Velocity Reviews > C++ > Two implementations of simple math equation yield different results

# Two implementations of simple math equation yield different results

Avi
Guest
Posts: n/a

 05-13-2008
I need to implement the following calculation:
f = (a*b) + (c*d)
where a,b,c,d are given double values and f is a double variable for
the result

I found out that using two different implementations gives two
different results:
1) In the first implementation I compute the entire equation in memory
2) In the second implementation I store intermediate to variables, and
then load them to compute the final result.
The results differ by a tiny amount (1E-15). I suspect that the reason
for the difference is from round off errors of the compiler.
Nonetheless, I need to know the reason for the difference as I need to
have an absolute reference for optimization work.
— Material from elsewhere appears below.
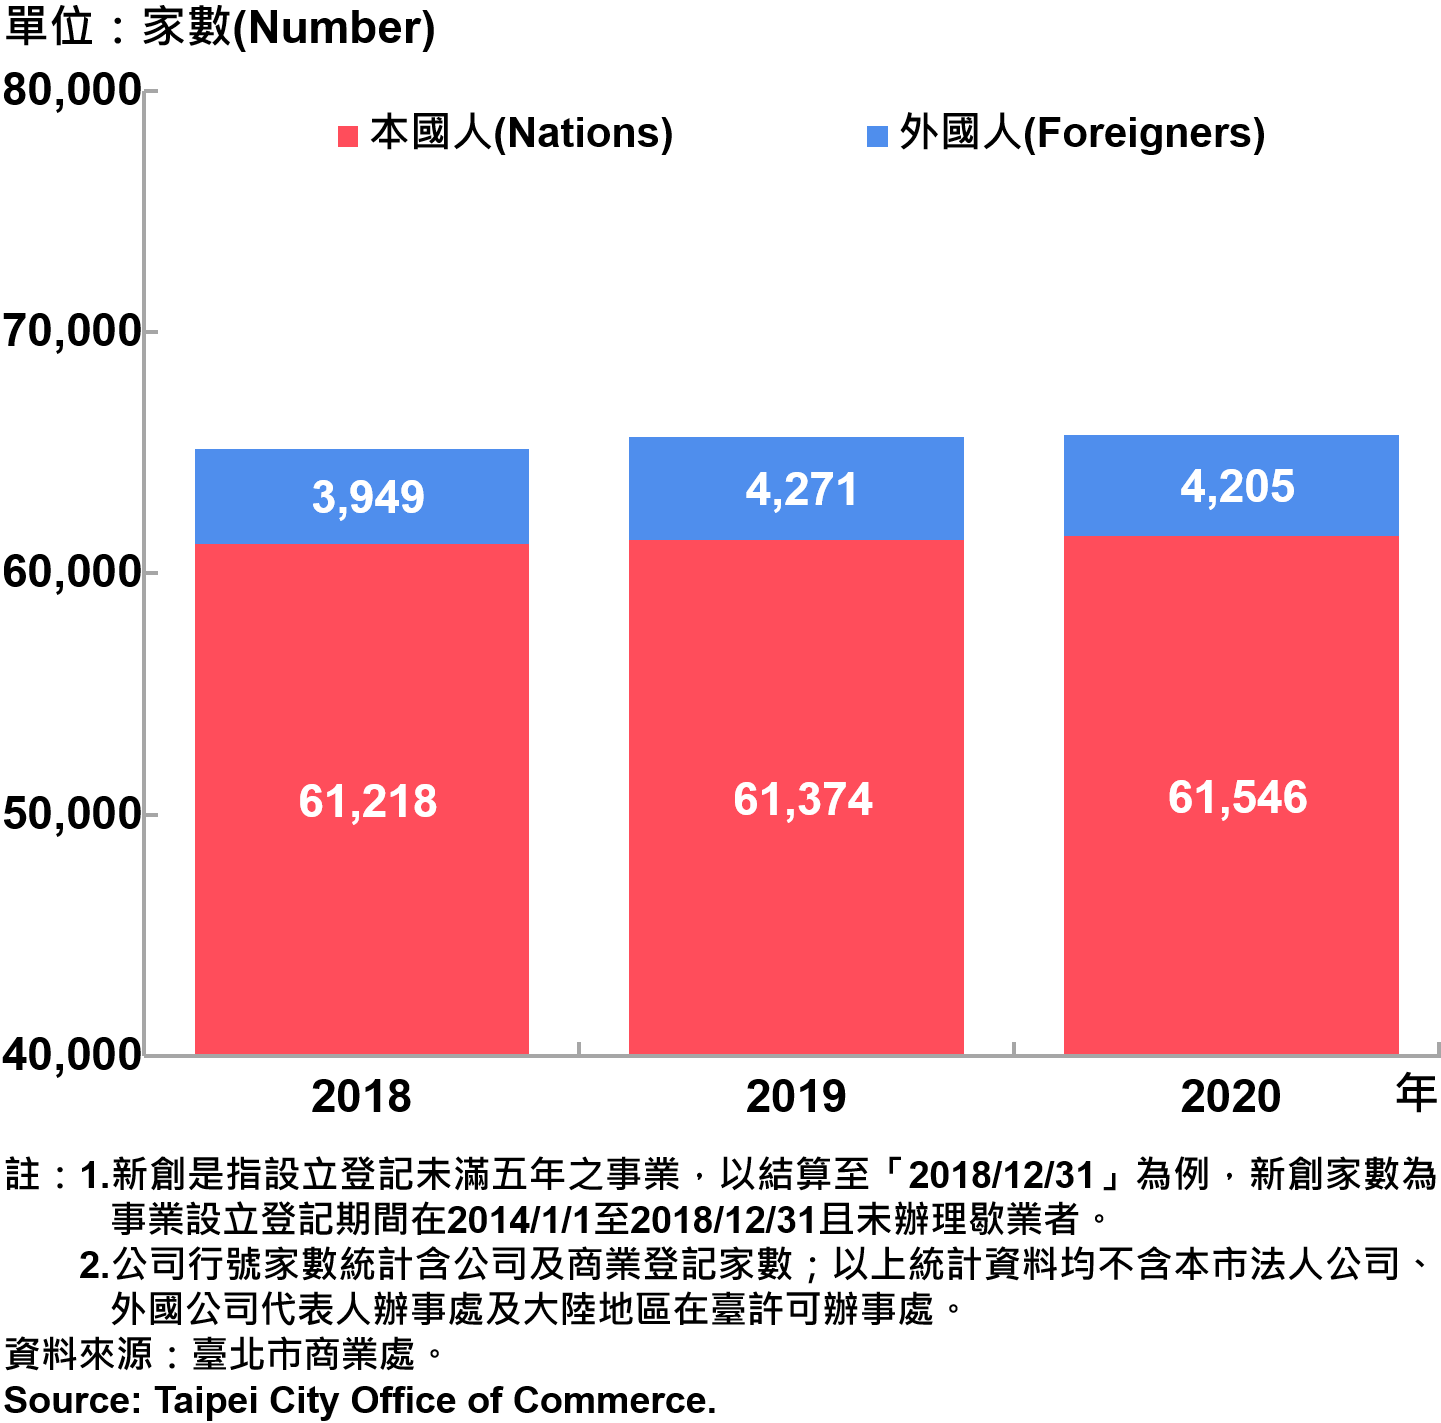 臺北市新創公司負責人-本國人與外國人分布情形-現存家數—2020 Responsible Person of Newly Registered Companies In Taipei City by Nationality - Number of Current—2020

The two ways are as follows:

1)
Calculating two double values and then summing them to a single double
value
double f1 = (a*b) + (c*d)

2)
Calculating two double values and storing them to two double variables
Summing the two double variables to a single double value
double e1 = (a*b);
double e2 = (c*d);
double f2 = e1 + e2;

The difference is calculated as follows:
double diff = f2-f1;

I expect the difference to be exactly 0 but instead, I get a tiny
value.
Could someone explain the reason for differences in the result?

I’m compiling with gcc

Thanks
Avi

James Kanze
Guest
Posts: n/a

 05-13-2008
On May 13, 7:16 am, Avi <(E-Mail Removed)> wrote:
> I need to implement the following calculation:
> f = (a*b) + (c*d)
> where a,b,c,d are given double values and f is a double
> variable for the result

> I found out that using two different implementations gives two
> different results:
> 1) In the first implementation I compute the entire equation in memory

You mean in CPU and registers. Variables are in memory.

> 2) In the second implementation I store intermediate to
> variables, and then load them to compute the final result.

> The results differ by a tiny amount (1E-15). I suspect that
> the reason for the difference is from round off errors of the
> compiler.

The C++ standard allows a compiler to use extended precision for
intermediate results, only "forcing" the result to the final
precision when it is assigned to a variable.

> Nonetheless, I need to know the reason for the difference as I
> need to have an absolute reference for optimization work.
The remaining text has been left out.